Fachbereich Veterinärmedizin



    In utero and lactational exposures to low doses of polybrominated diphenyl ether-47 alter the reproductive system and thyroid gland of female rat offspring (2008)

    Zeitschriftenartikel / wissenschaftlicher Beitrag
    Talsness, Chris E
    Kuriyama, Sergio N
    Sterner-Kock, Anja
    Schnitker, Petra
    Wichert Grande, Simone
    Shakibaei, Mehdi
    Andrade, Anderson
    Grote, Konstanze
    Chahoud, Ibrahim
    Environmental health perspectives; 116(3) — S. 308–314
    ISSN: 0091-6765
    DOI: 10.1289/ehp.10536
    Pubmed: 18335096
    Institut für Tierpathologie

    Robert-von-Ostertag-Str. 15
    Gebäude 12
    14163 Berlin
    +49 30 838 62450

    Abstract / Zusammenfassung

    Polybrominated diphenyl ethers (PBDEs) are capable of disrupting thyroid hormone homeostasis.

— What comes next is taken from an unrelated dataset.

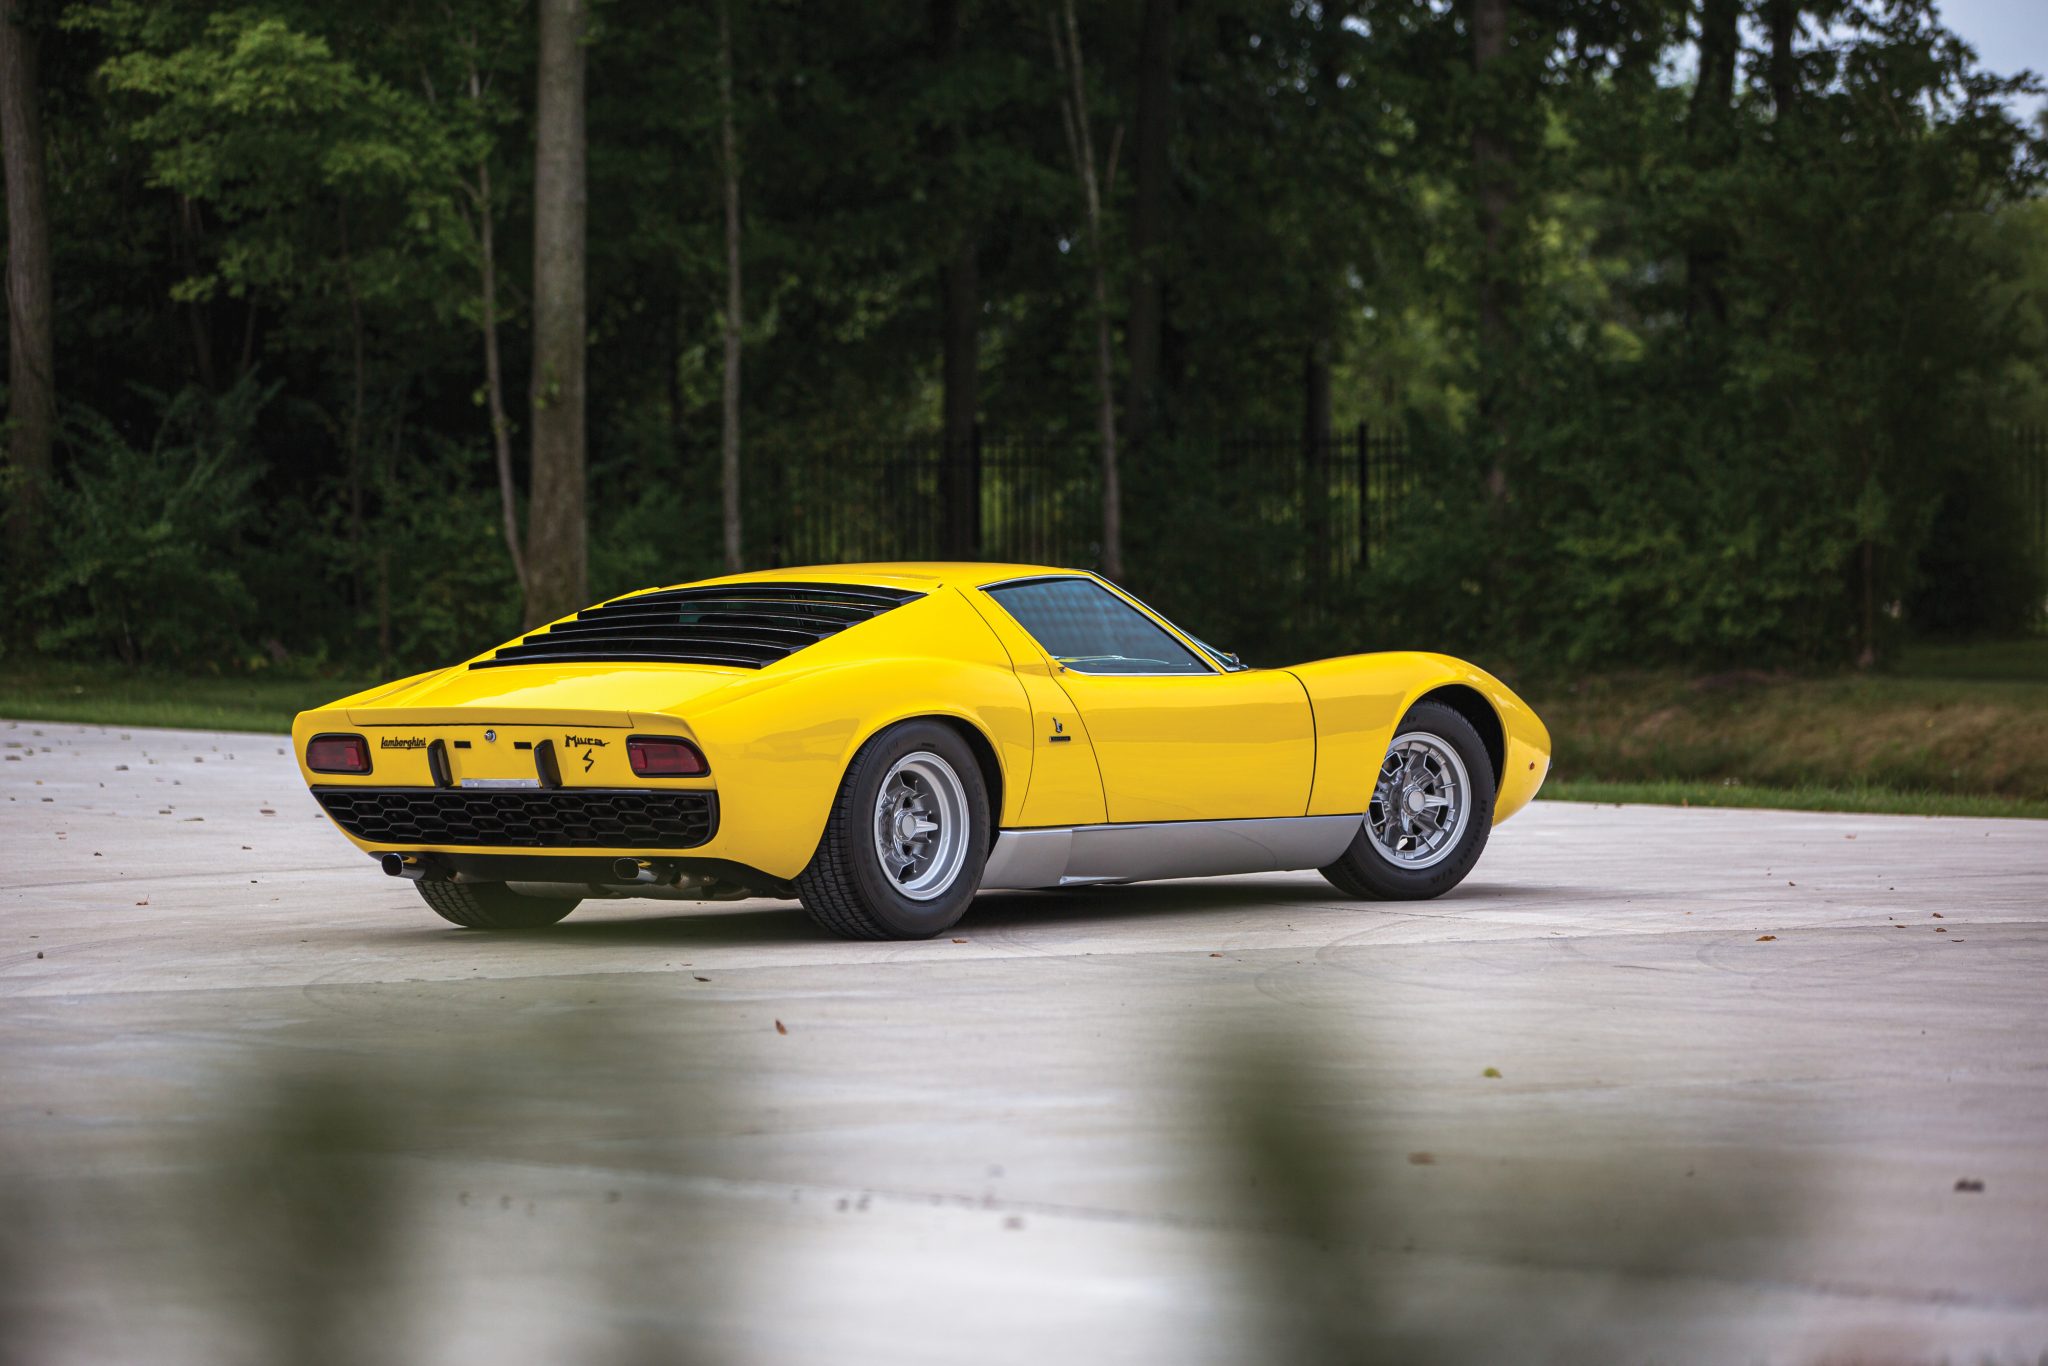  1969 Lamborghini Miura P400 S by Bertone ©2019 Courtesy of RM Sotheby's

PBDE-47 (2,2',4,4'-tetrabromodiphenyl ether) is one of the most abundant congeners found in human breast adipose tissue and maternal milk samples.

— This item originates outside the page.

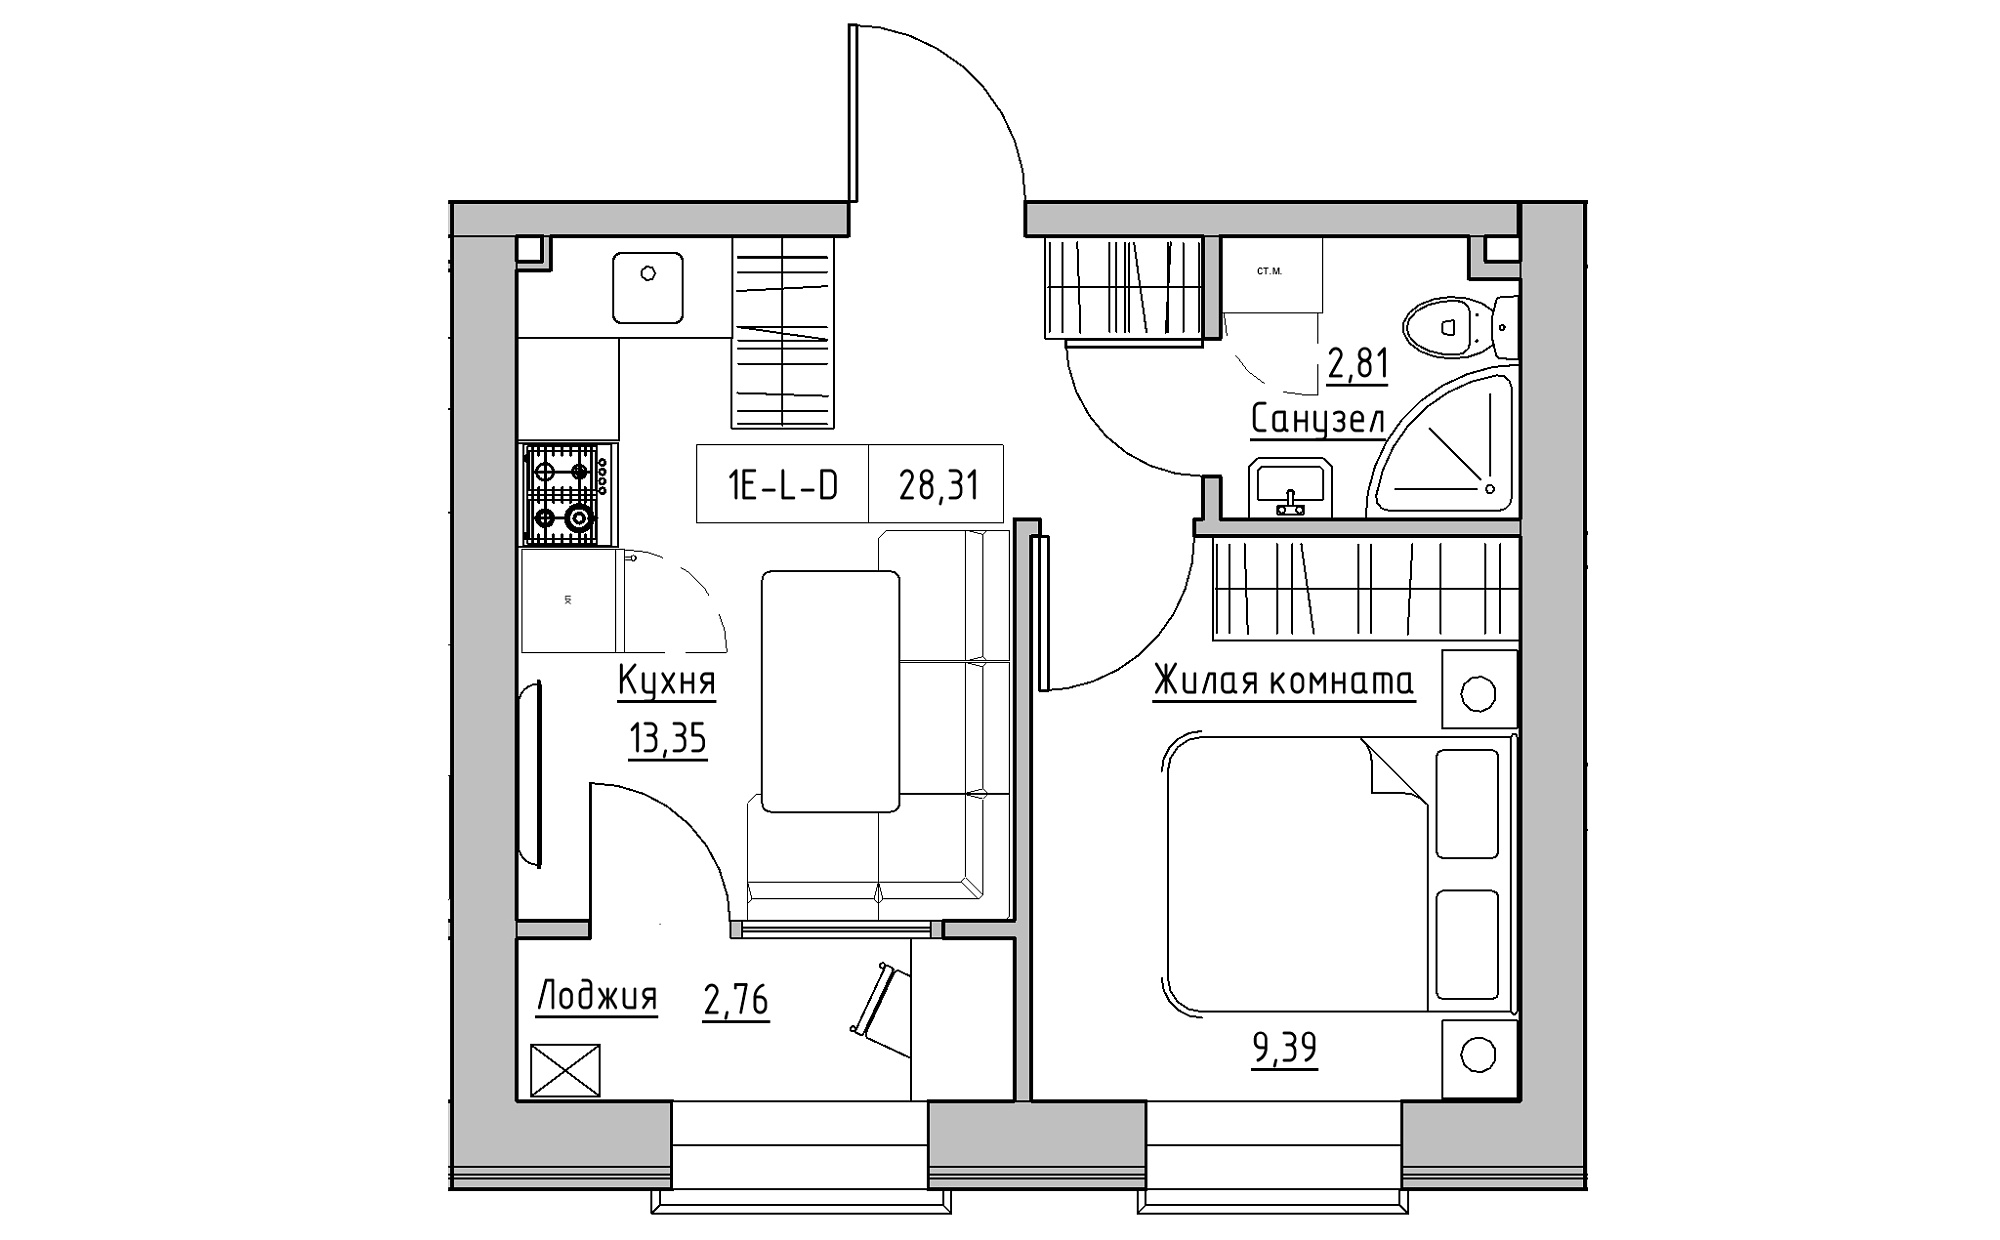 Planning 1-rm flats area 28.31m2, KS-022-02/0001.

    We evaluated the effects of developmental exposure to low doses of PBDE-47 on the female reproductive system.

    Pregnant Wistar rats were administered vehicle (peanut oil) or PBDE-47 [140 or 700 microg/kg body weight (bw)] on gestation day (GD) 6, or 5 mg 6-n-propyl-2-thiouracil (PTU)/L in the drinking water from GD7 through postnatal day (PND) 21.

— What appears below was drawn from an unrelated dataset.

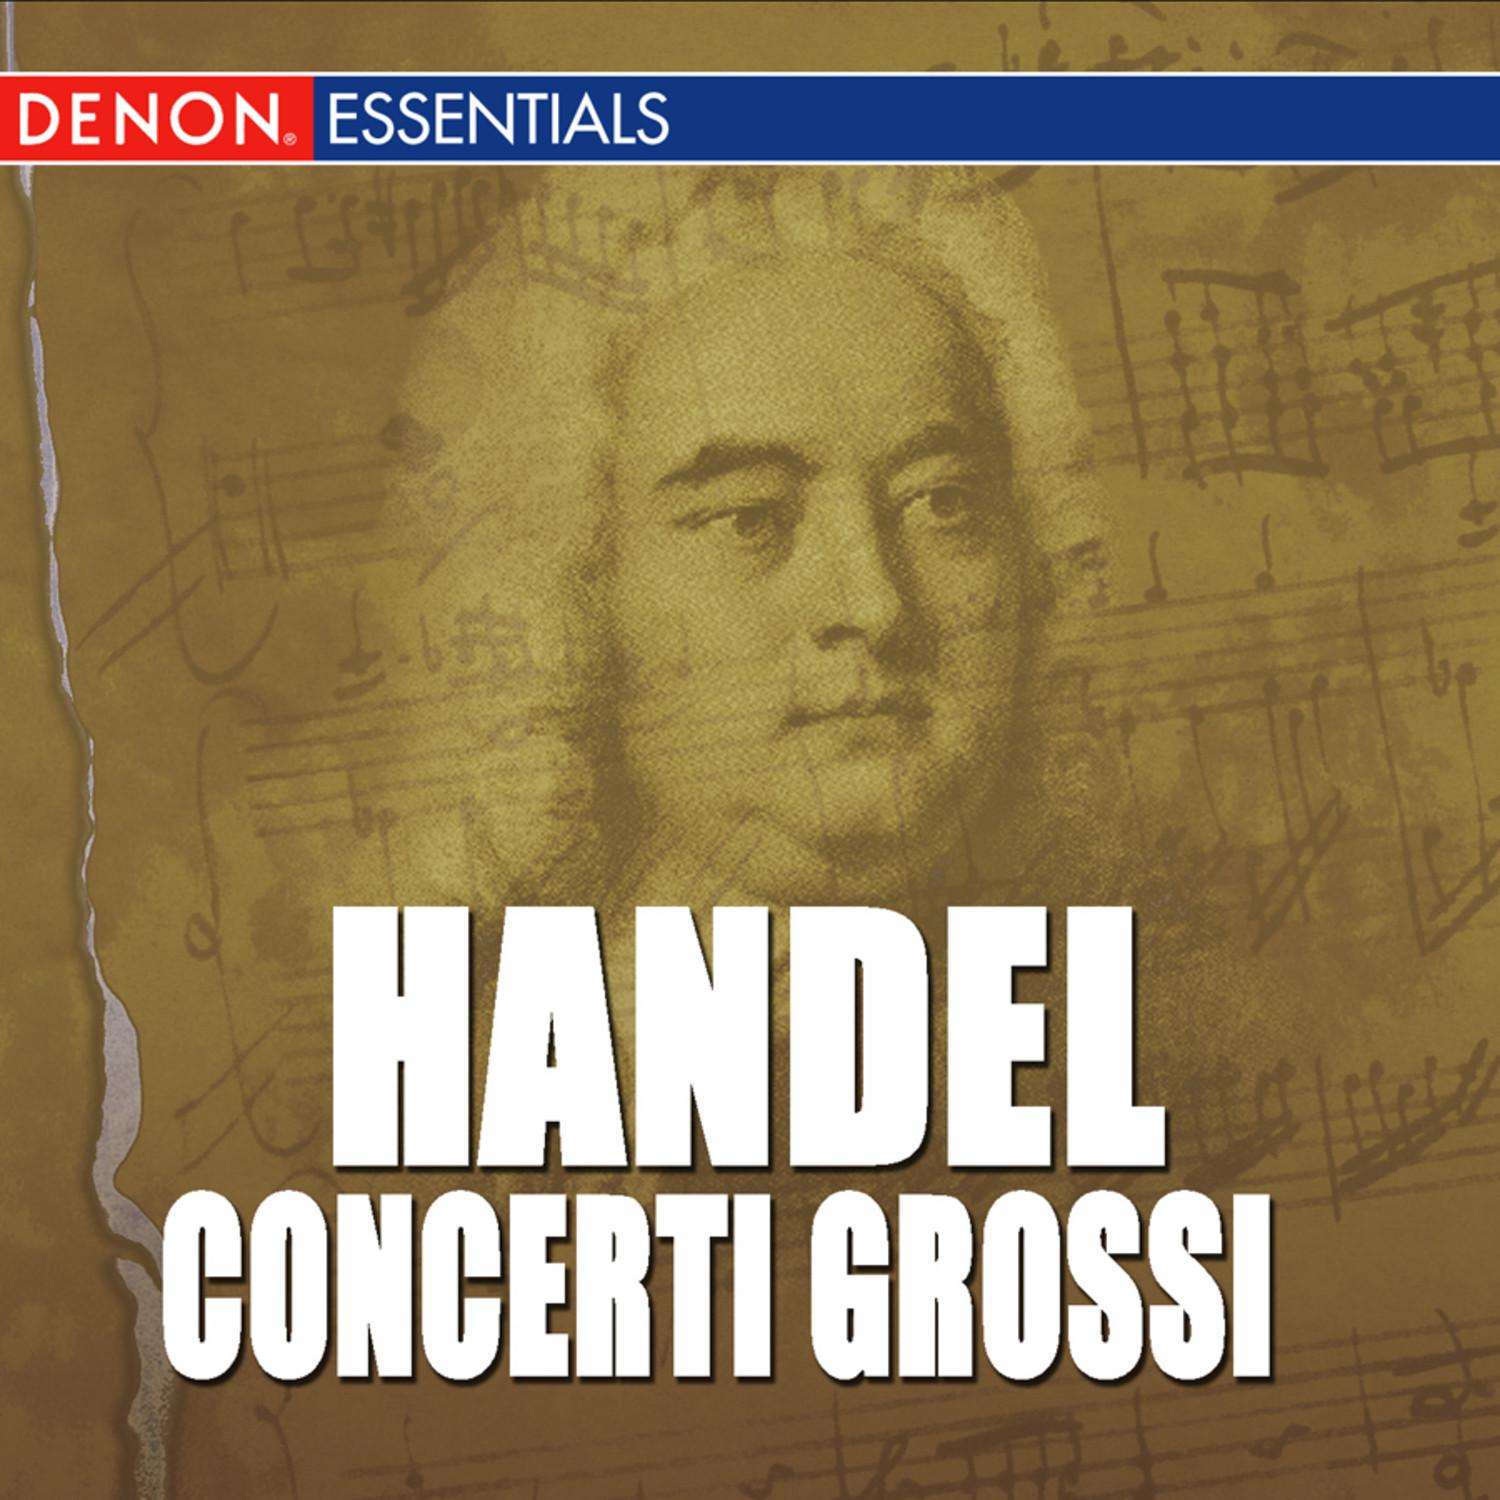 Concerto Grosso, Op. 6: No. 4 in A Minor, HWV 322: III. Largo, e piano

    In female offspring sacrificed on PND38, there was a significant decrease in ovarian weight after exposure to PTU or 140 microg/kg PBDE-47. Alterations in folliculogenesis were apparent: we observed a decrease in tertiary follicles and serum estradiol concentrations in the offspring exposed to either PTU or 700 microg/kg PBDE-47. PTU exposure also resulted in a decrease in primordial follicles. On PND100, persistent effects on the thyroid glands included histologic and morphometric changes after exposure to either PTU or PBDE-47. No relevant changes in reproductive indices were observed after mating the exposed F1 females with nontreated males.

    Administration of PBDE-47 at doses relevant to human exposure led to changes in the rat female reproductive system and thyroid gland.